I am trying following code to produce confidence intervals of principal component analysis using resampling with replacement (like bootstrap). I am using first 4 columns of iris dataset:
The prcomp function produces following output:
> mydf = iris[1:4]
> print(prcomp(mydf))
Standard deviations:
[1] 2.0562689 0.4926162 0.2796596 0.1543862
Rotation:
PC1 PC2 PC3 PC4
Sepal.Length 0.36138659 -0.65658877 0.58202985 0.3154872
Sepal.Width -0.08452251 -0.73016143 -0.59791083 -0.3197231
Petal.Length 0.85667061 0.17337266 -0.07623608 -0.4798390
Petal.Width 0.35828920 0.07548102 -0.54583143 0.7536574
Using resampling with replacement:
> times = 1000
> ll = list()
> for(i in 1:times) {
+ tempdf = mydf[sample(nrow(mydf), replace = TRUE), ]
+ ll[[length(ll)+1]] = prcomp(tempdf)$rotation
+ }
>
> dd = data.frame(apply(simplify2array(ll), 1:2, mean))
> print(dd)
PC1 PC2 PC3 PC4
Sepal.Length 0.005574165 -0.039480258 0.044537991 0.007778055
Sepal.Width -0.002587333 -0.040273812 -0.050793200 -0.005473271
Petal.Length 0.015681233 0.010952361 -0.005769051 -0.011351172
Petal.Width 0.006513656 0.008296928 -0.041805210 0.019109323
Determining lower confidence interval:
> ddlower = data.frame(apply(simplify2array(ll), 1:2, quantile, probs=0.025))
> print(ddlower)
PC1 PC2 PC3 PC4
Sepal.Length -0.3859257 -0.7274809 -0.6560139 -0.3807826
Sepal.Width -0.1127749 -0.7907801 -0.6818251 -0.3941001
Petal.Length -0.8633386 -0.2058064 -0.1333520 -0.4919584
Petal.Width -0.3702979 -0.1328146 -0.6203322 -0.8088710
Determining upper confidence interval:
> ddupper = data.frame(apply(simplify2array(ll), 1:2, quantile, probs=0.975))
> print(ddupper)
PC1 PC2 PC3 PC4
Sepal.Length 0.3860431 0.7250412 0.6632126 0.3831889
Sepal.Width 0.1111863 0.7993649 0.6758156 0.3987939
Petal.Length 0.8638549 0.2106540 0.1318556 0.4915670
Petal.Width 0.3721362 0.1510708 0.6246988 0.8083421
I find that the loading values are very different.
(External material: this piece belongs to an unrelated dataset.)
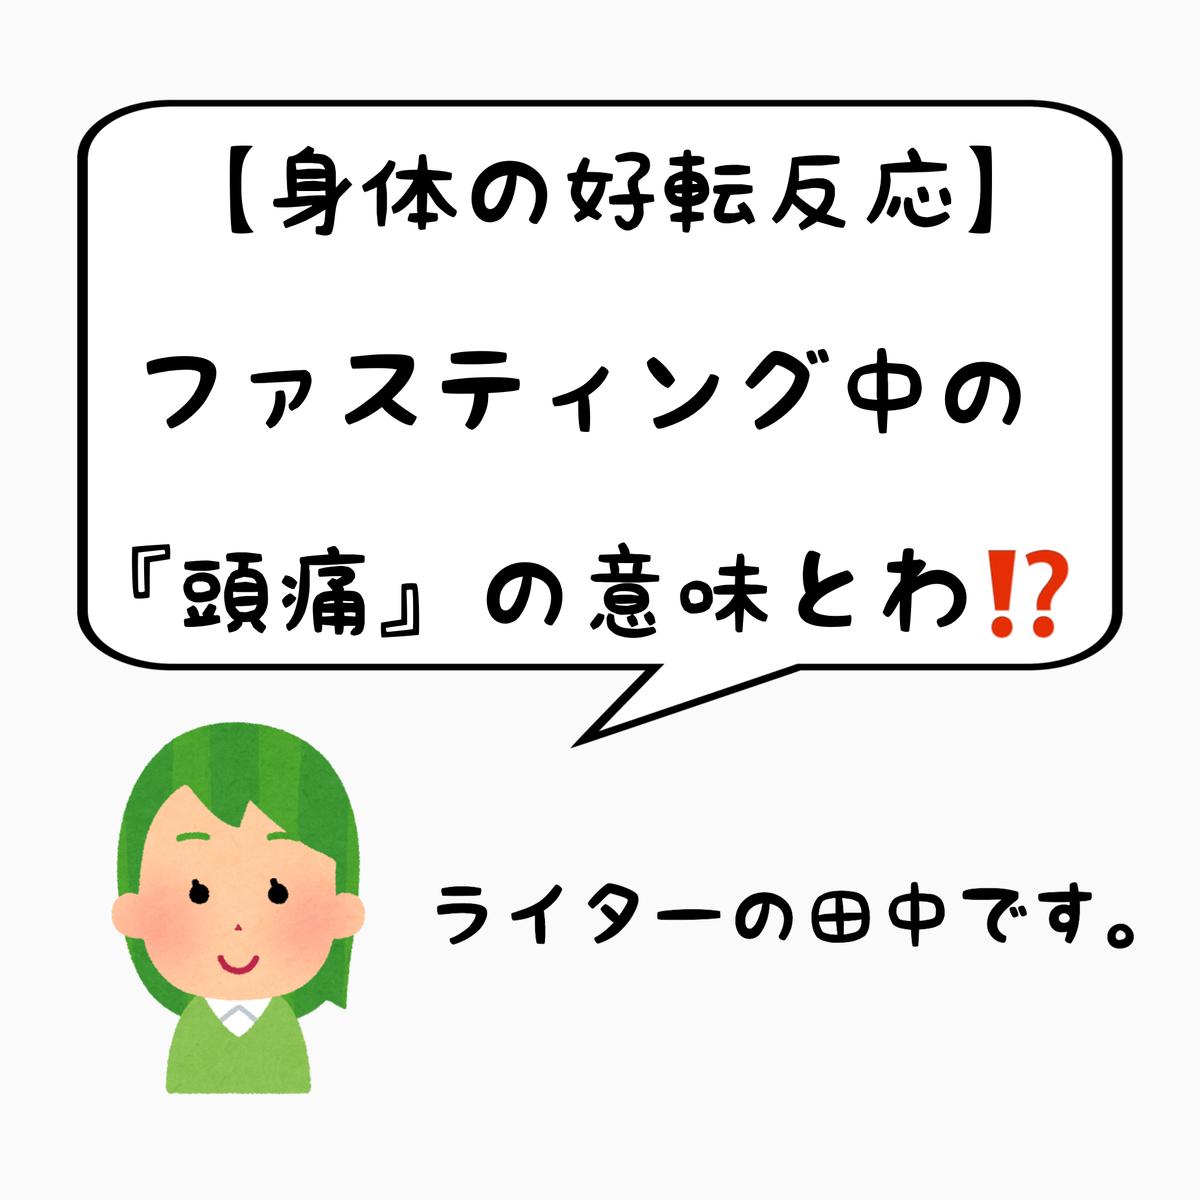 f:id:nokonoko_o:20201103173211j:plain

Moreover, the confidence intervals are around 0 for all the variables and components. I checked with other (large) datasets also and the findings are very similar. From these confidence intervals none of the loadings are significantly different from 0. There is obviously some error in the code but I cannot seem to find it. Thanks for your help.